Second, moving on to the claim that “blogging is not an equalizer”, I tend to disagree. However, it is a qualified disagreement for the following reason: blogging, in and of itself, is not so powerful an equalizer as to completely overcome all obstacles. As boyd points out in blogging is a privilege :

Privilege is a funny thing. Often it opens up opportunities that we don’t even realize. Take time, for example. Who has the time to sit online and read, write and discuss all day? A working mother? A migrant worker? Time is money. Very few people have both time and money and most people spend most of their time trying to make ends meet or trying to calm their nerves from the stress induced by the former. Having time to “waste” is privilege.

However, this is not the fault of blogging in and of itself. I suspect that a disproportionate percentage of white men are online, which fact is a result of various and complicated social phenomena, but any disproportionate representation in the blogging community is probably a direct effect of this reality (I exclude the “straight” part of the equation because I think it’s ludicrous to think that there is any reliable way of determining the sexuality of a blogger. Most people simply don’t broadcast this information). In fact, I wouldn’t be at all surprised to find that, if we merely consider the simple function

f(x) = (number of bloggers from gender x)/(total number of people online from gender x)

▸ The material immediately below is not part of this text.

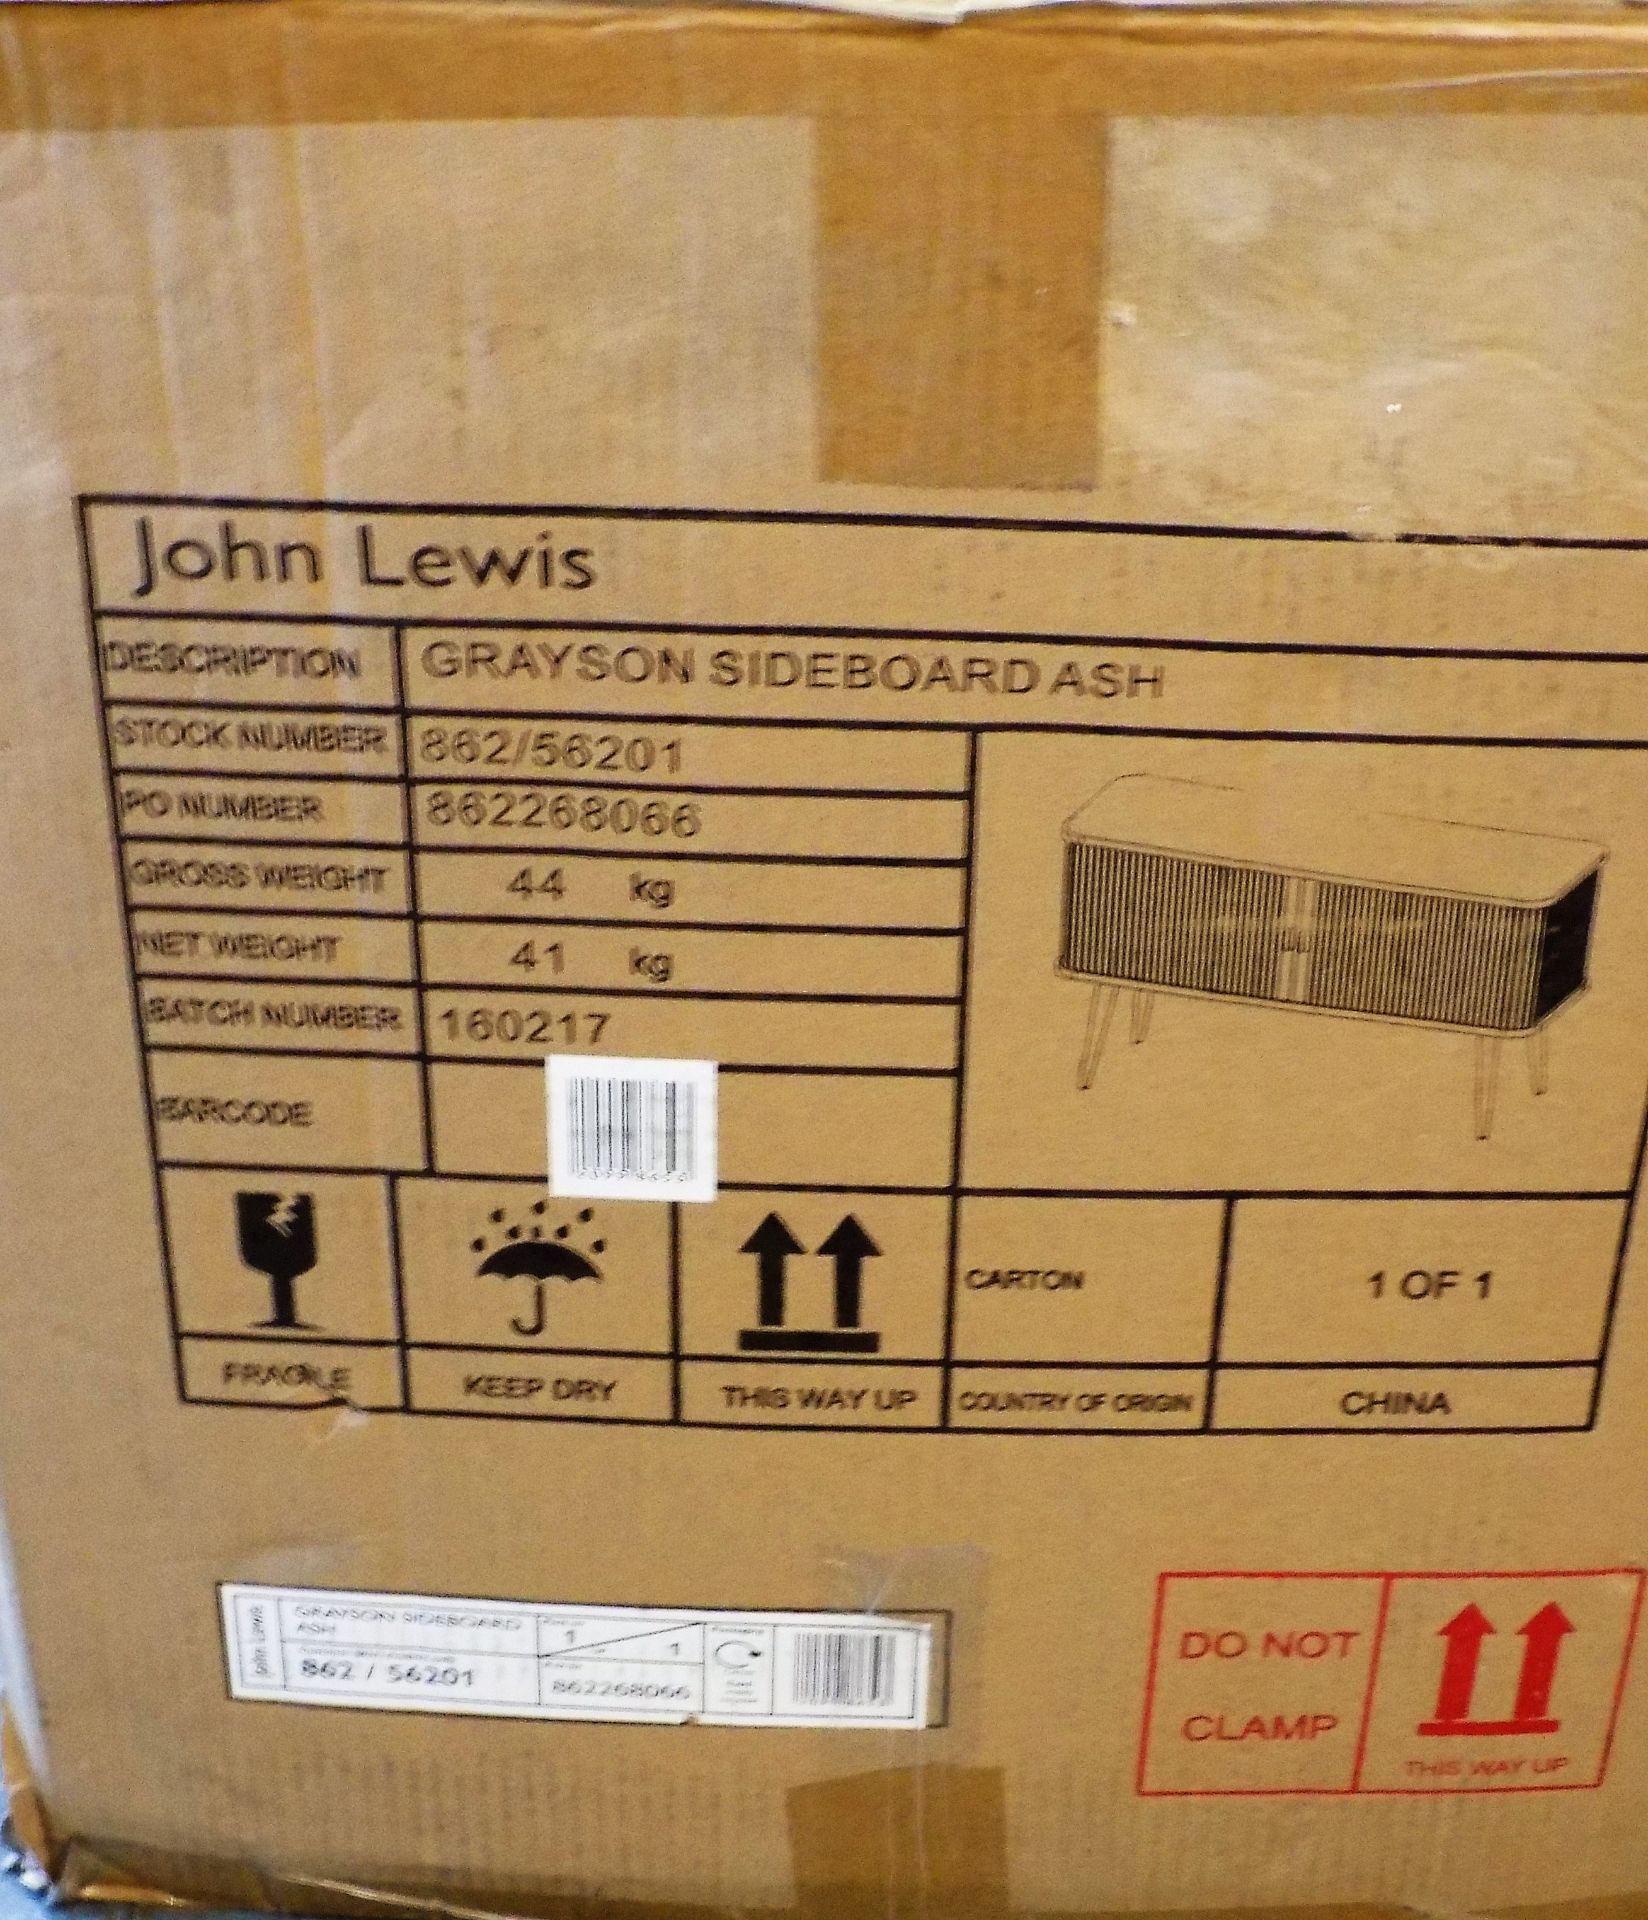 John Lewis "Grayson" Sideboard RRP £599. BRAND NEW SEALED - Image 2 of 3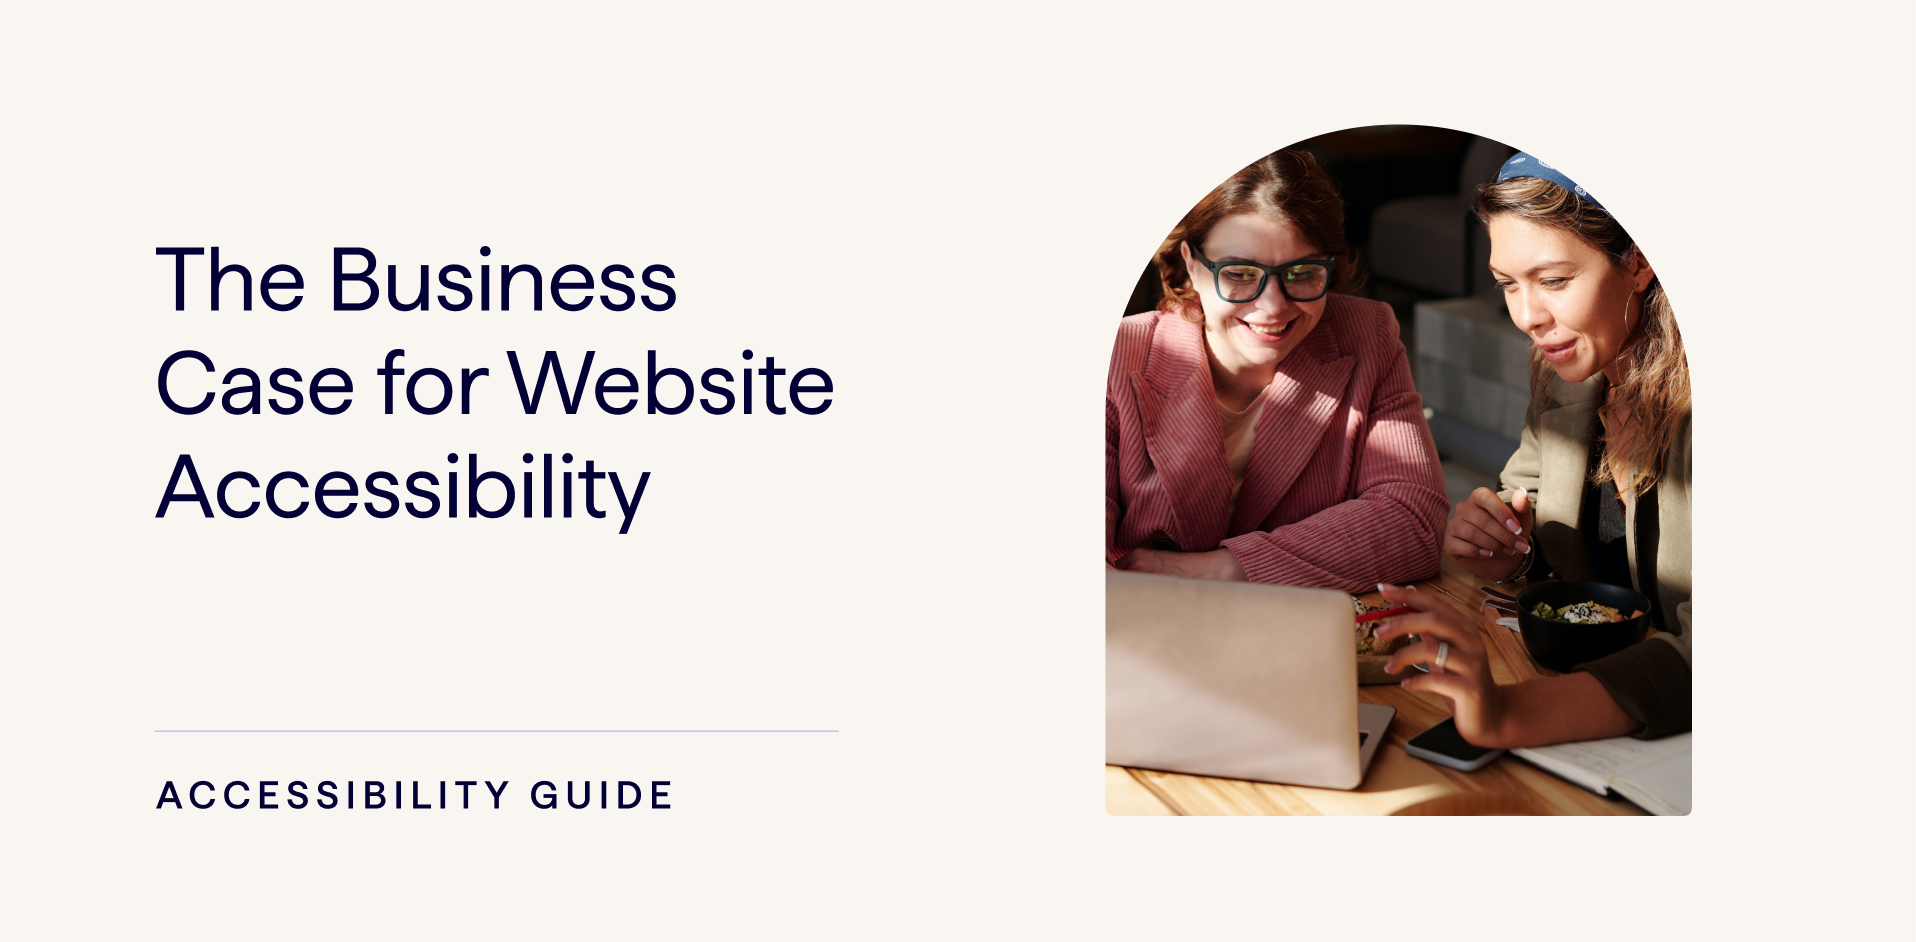 The Business Case for Website Accessibility

we might well find that f(female) > f(male). Why do I say this? Because, in my personal experience, women I know who spend a fair amount of time online are more likely to blog/journal than are men who spend an equivalent amount of time online. So, in this sense, we see that, even in the area of gender, blogging may indeed be an equalizer.

Whatever the case, the claim that blogging isn’t an equalizer is, to me, ridiculous. Absent blogging, Glenn Reynolds would be just another law professor, dooce would be just another pregnant ex-Mormon and danah boyd and I would be just two more grad students with more ideas than outlets. I challenge you to find anybody who reads a fair number of weblogs and/or journals who doesn’t think they have a broader understanding and perspective than they could get merely from newspapers and television. So no, blogging, in and of itself, can’t produce perfect equality (whatever that is), but that doesn’t mean it’s not an equalizer.